One thing I mentioned in the chat discussion I linked above: I default to thinking of feed services like this proxy as "public infrastructure" by default - something that has to be on the public web, with all the maintenance and security issues that go along with that.
However, as I self-host my own Aperture instance, I can set up this proxy on the same server and ensure that it only accepts local requests. Fewer public endpoints, fewer problems.
Anyway, maybe I'll get that done and posted about in the near future, but today I just wanted to get these thoughts out of my head and close some tabs!
Mentions
I made a first-pass at this filter thing!

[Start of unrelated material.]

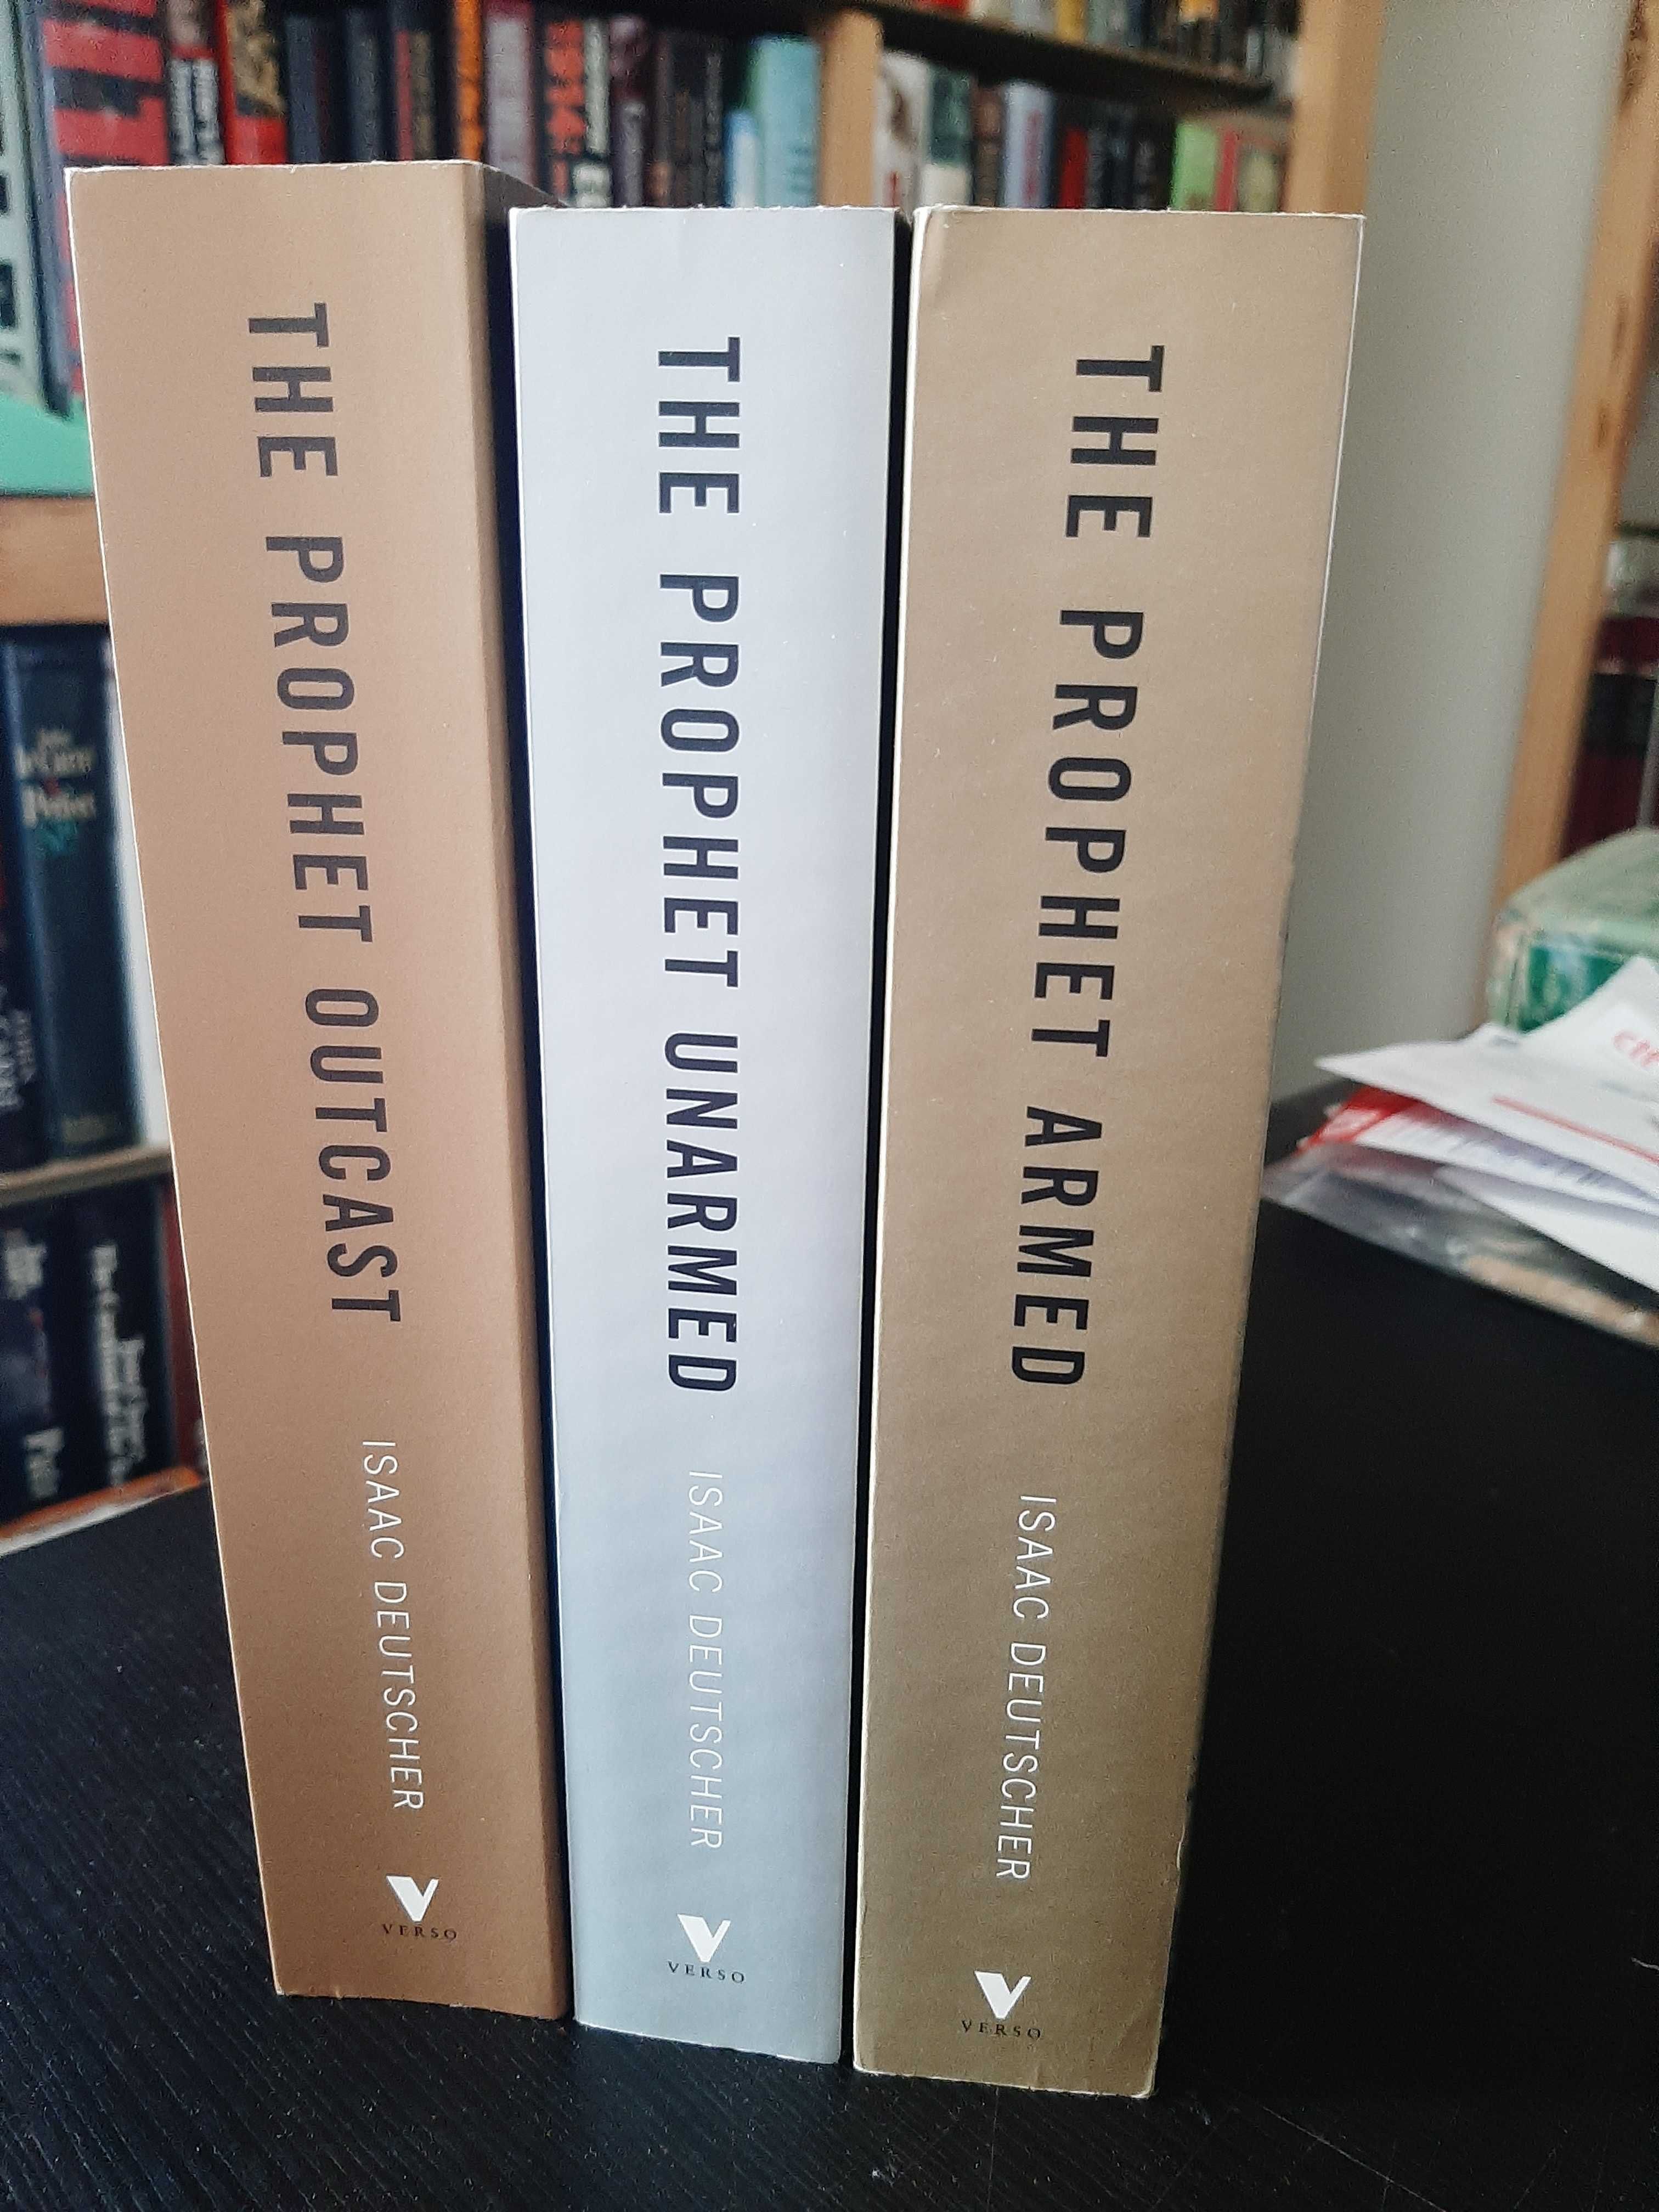 Isaac Deutscher – Trotsky – Biography in 3 volumes

Definitely a quick-and-dirty hack. My first time using PHP’s SimplePie feed parser and it felt very 🔥XML🔥 to do so. No promises on when or whether I will add features to it later. https://git.schmarty.net/schmarty/youtube-rss-to-htmlmf2/src/branch/main/public/index.php I set this up on the same virtual server that runs my Aperture service, made it only accessible from localhost with a listen 127.0.0.2:80 and gave it a name by adding a 127.0.0.2 …
I'm not familiar with Media RSS or how stable that spec is, but maybe it would be worth adding an option for it in Granary?
Now that I'm thinking about this again, another totally different option is to add support for YouTube's special RSS stuff to the parser that Aperture uses to fetch feeds. Is that an ugly option? Yes. Would it work well? Yes.